## What is required
The result should be the full listing copied exactly, with no pictures in it.

(Beginning of Source material)

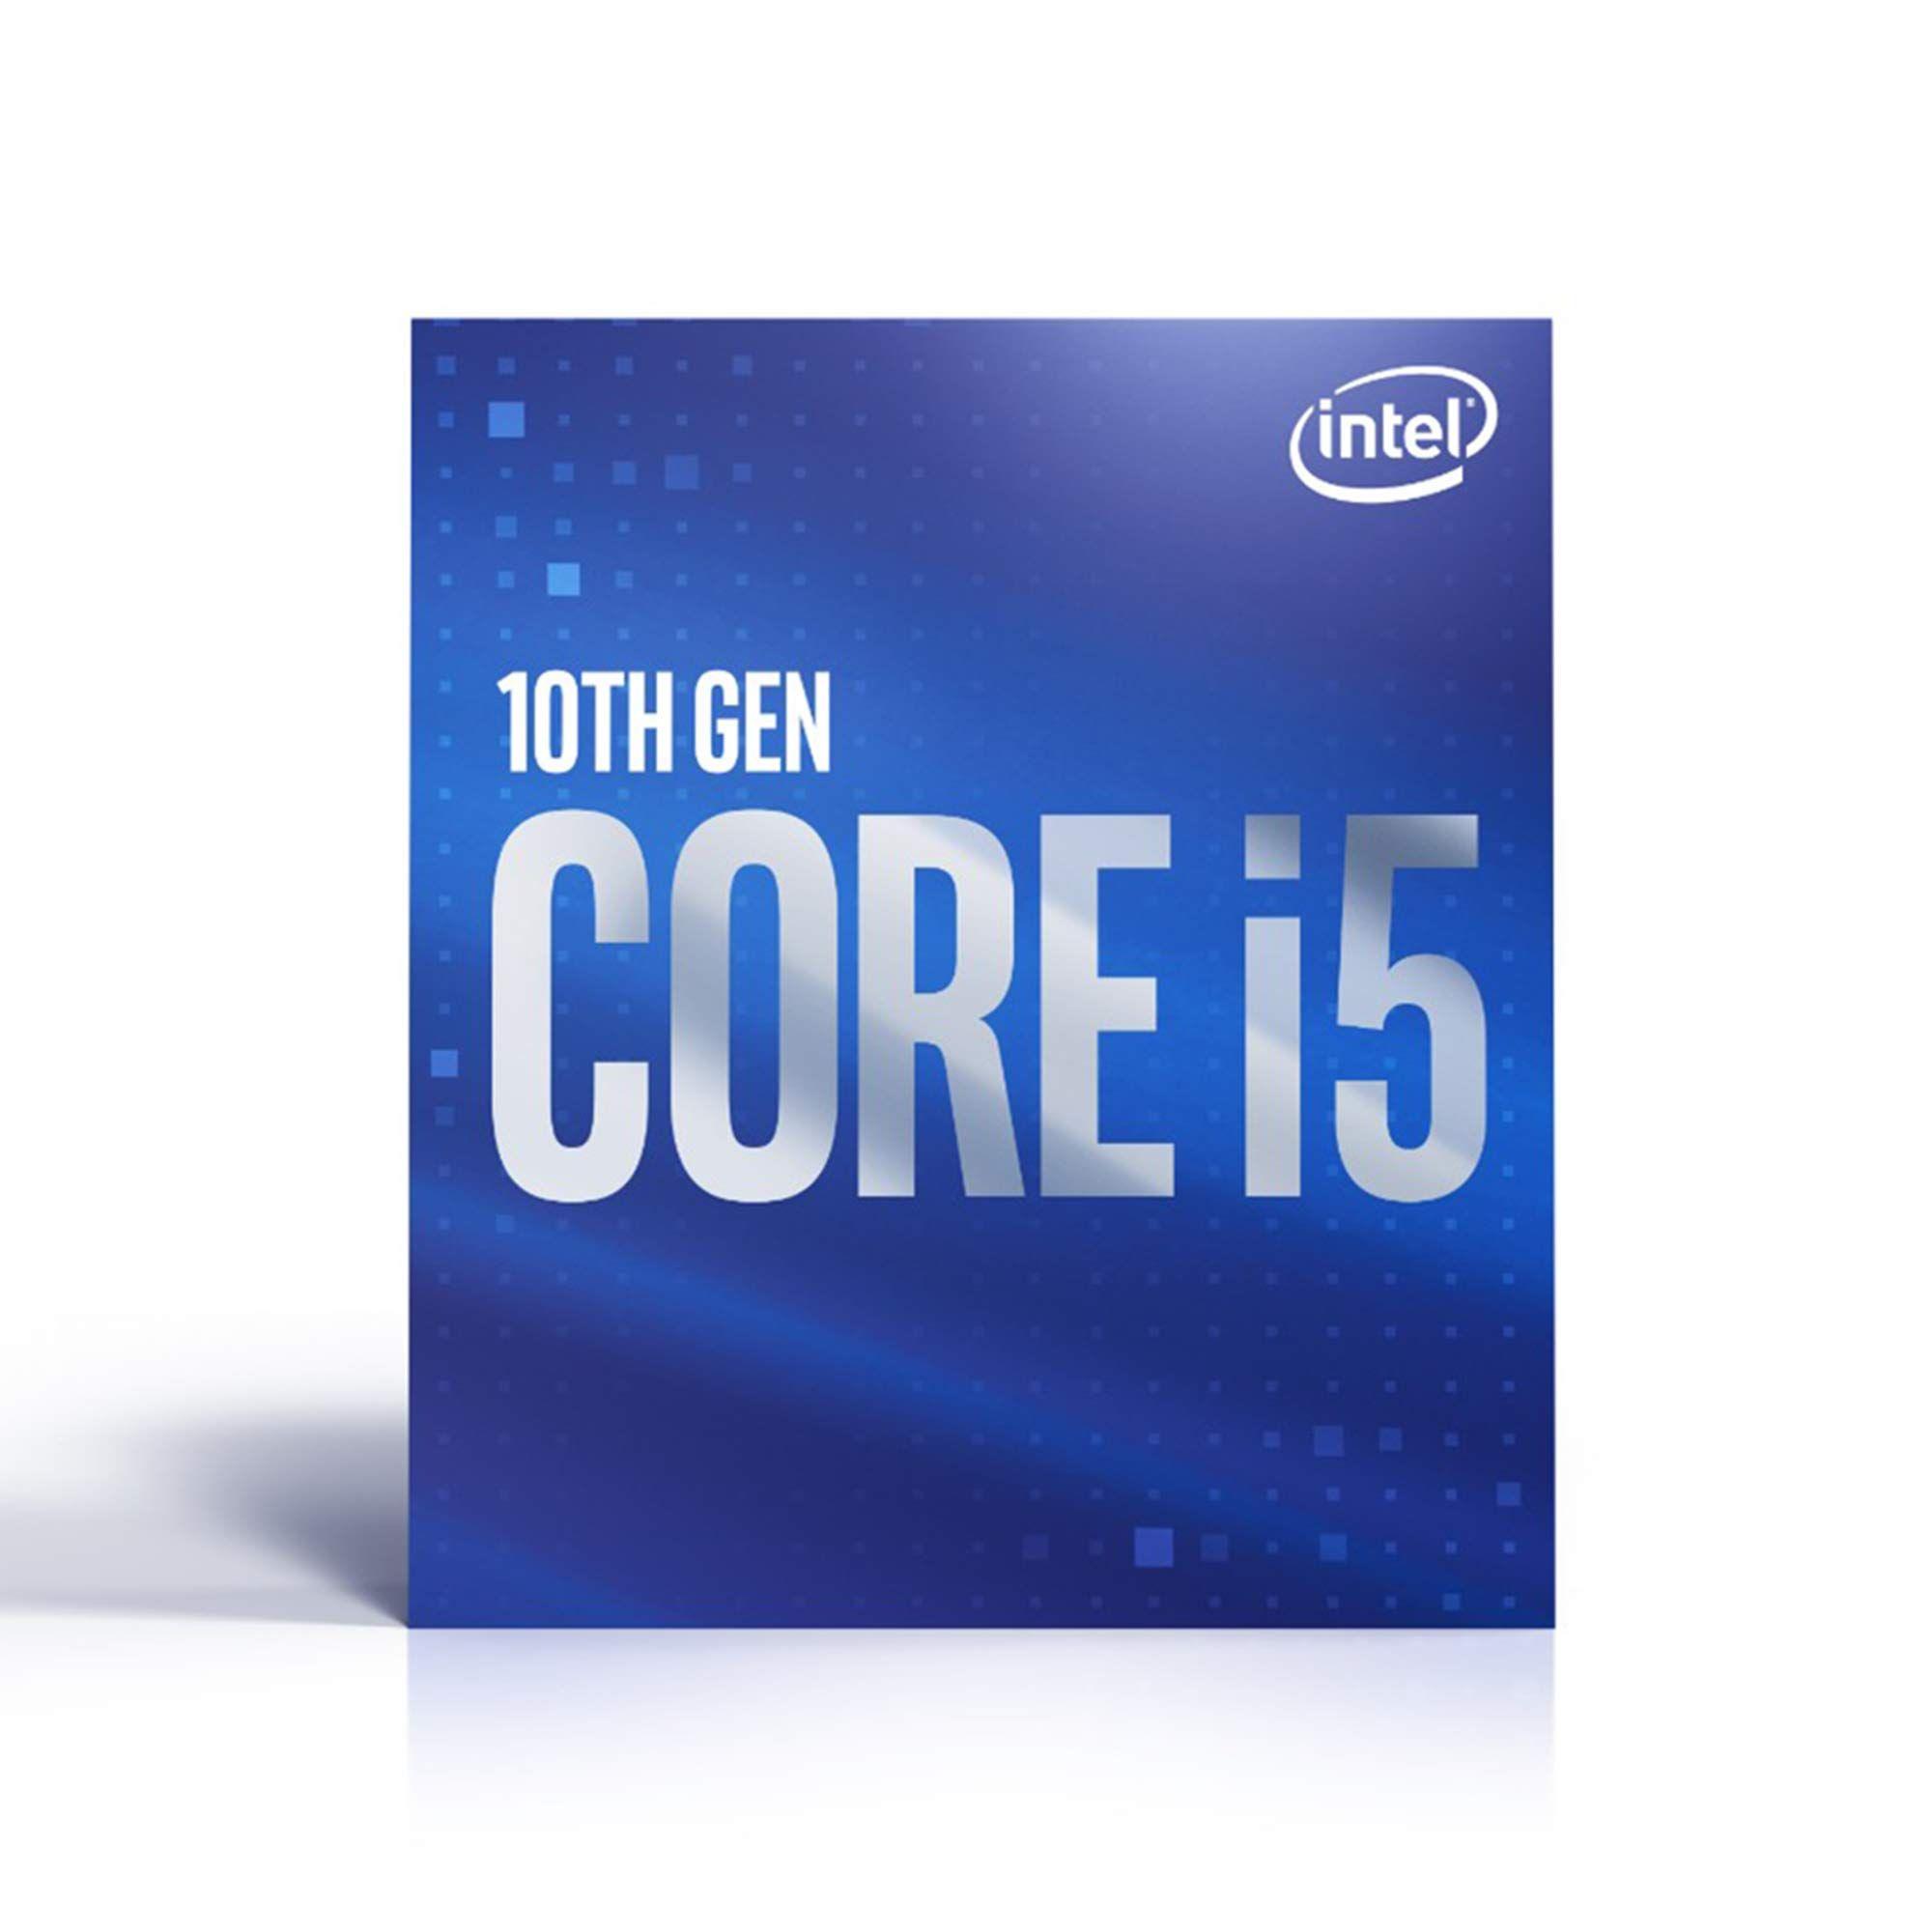 Intel 10th Gen Core i5-10500 Processor Price in Nepal
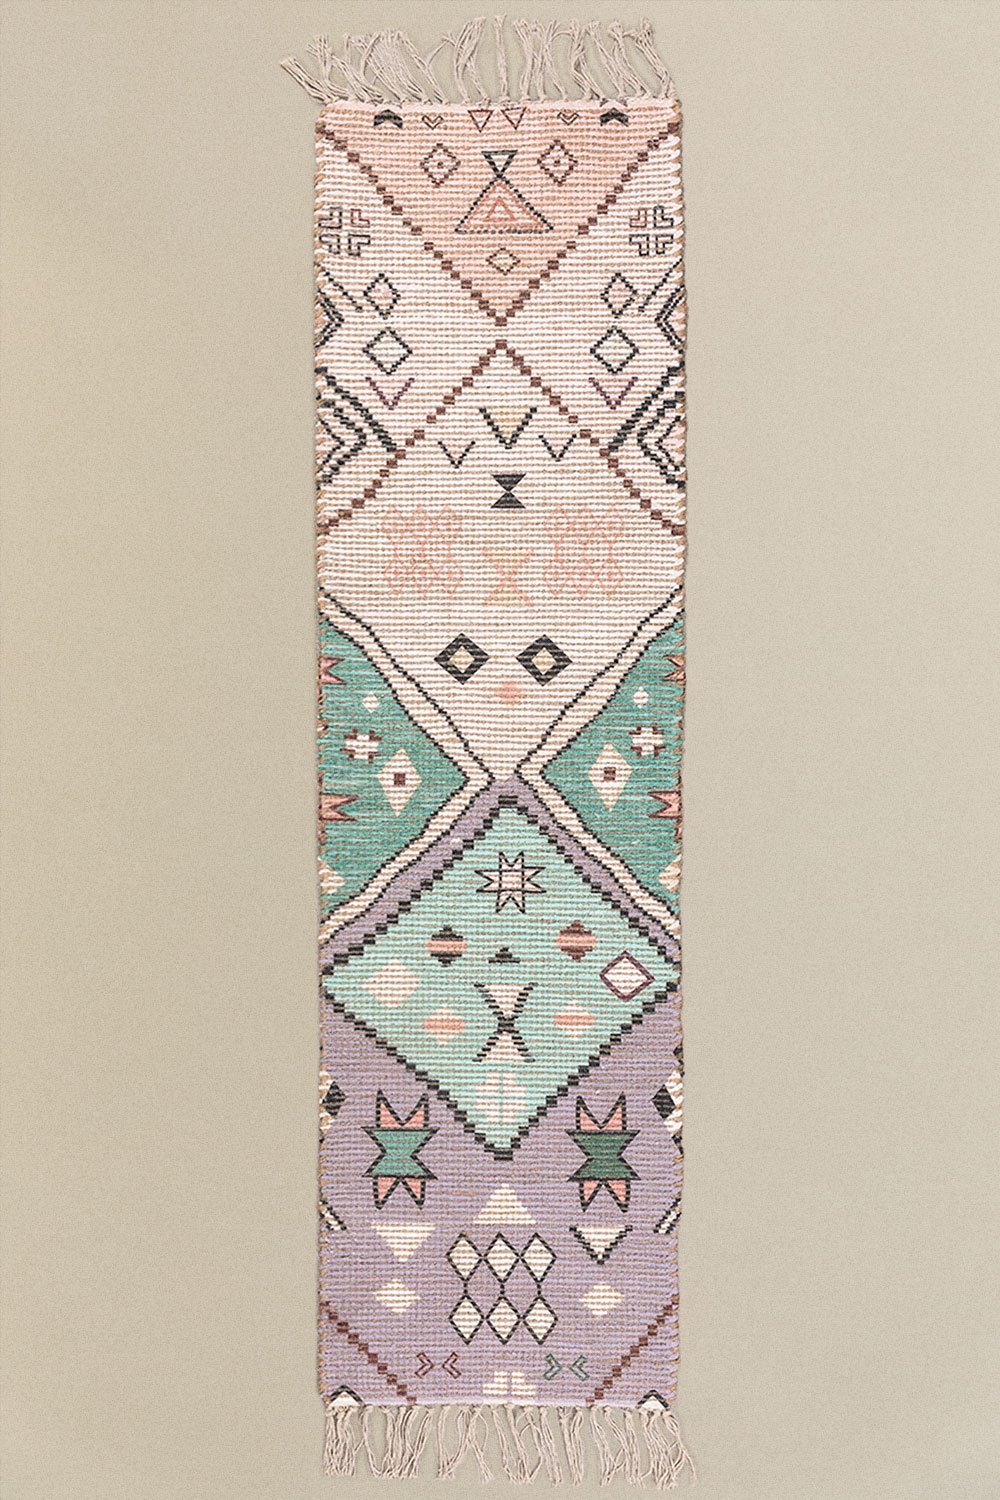 Gangtapijt van jute en stof (170x42,5 cm) Nuada, galerij beeld 1
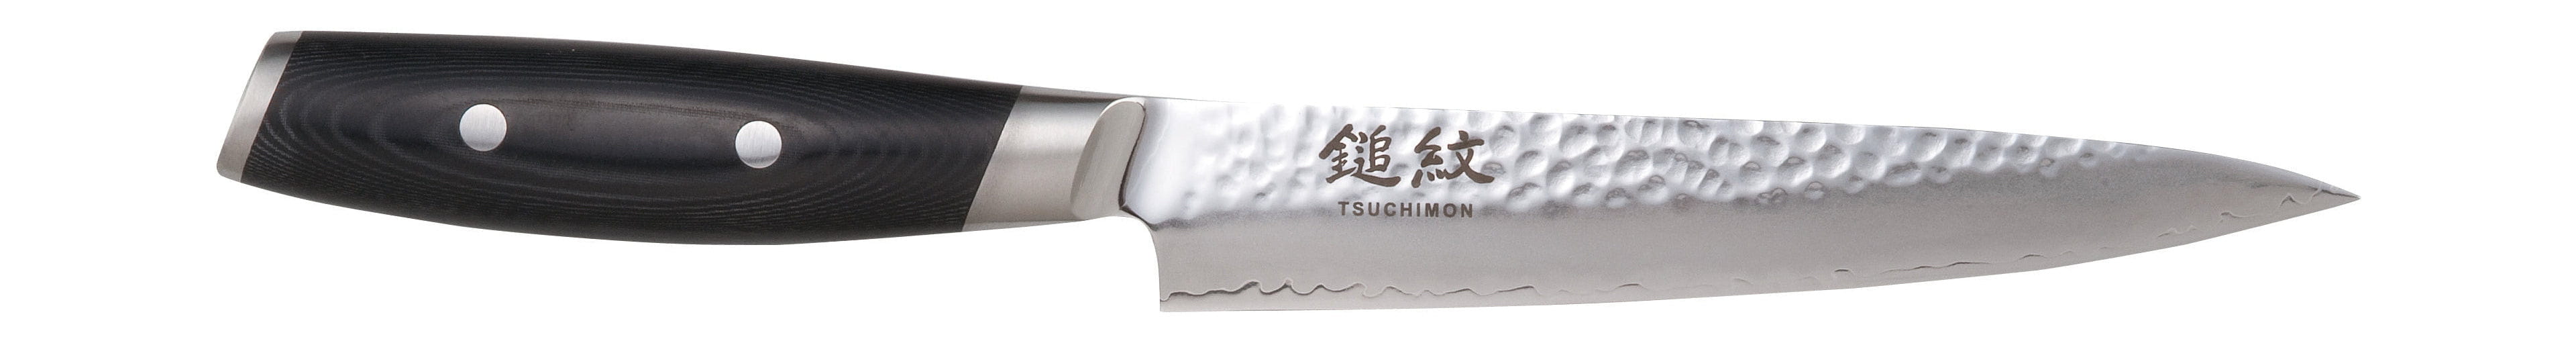 Knife rzeźbiony Yaxell Tsuchimon, 18 cm

(End of Source material)

## Task response
 Intel 10th Gen Core i5-10500 Processor Price in Nepal
 Gangtapijt van jute en stof (170x42,5 cm) Nuada, galerij beeld 1
 Knife rzeźbiony Yaxell Tsuchimon, 18 cm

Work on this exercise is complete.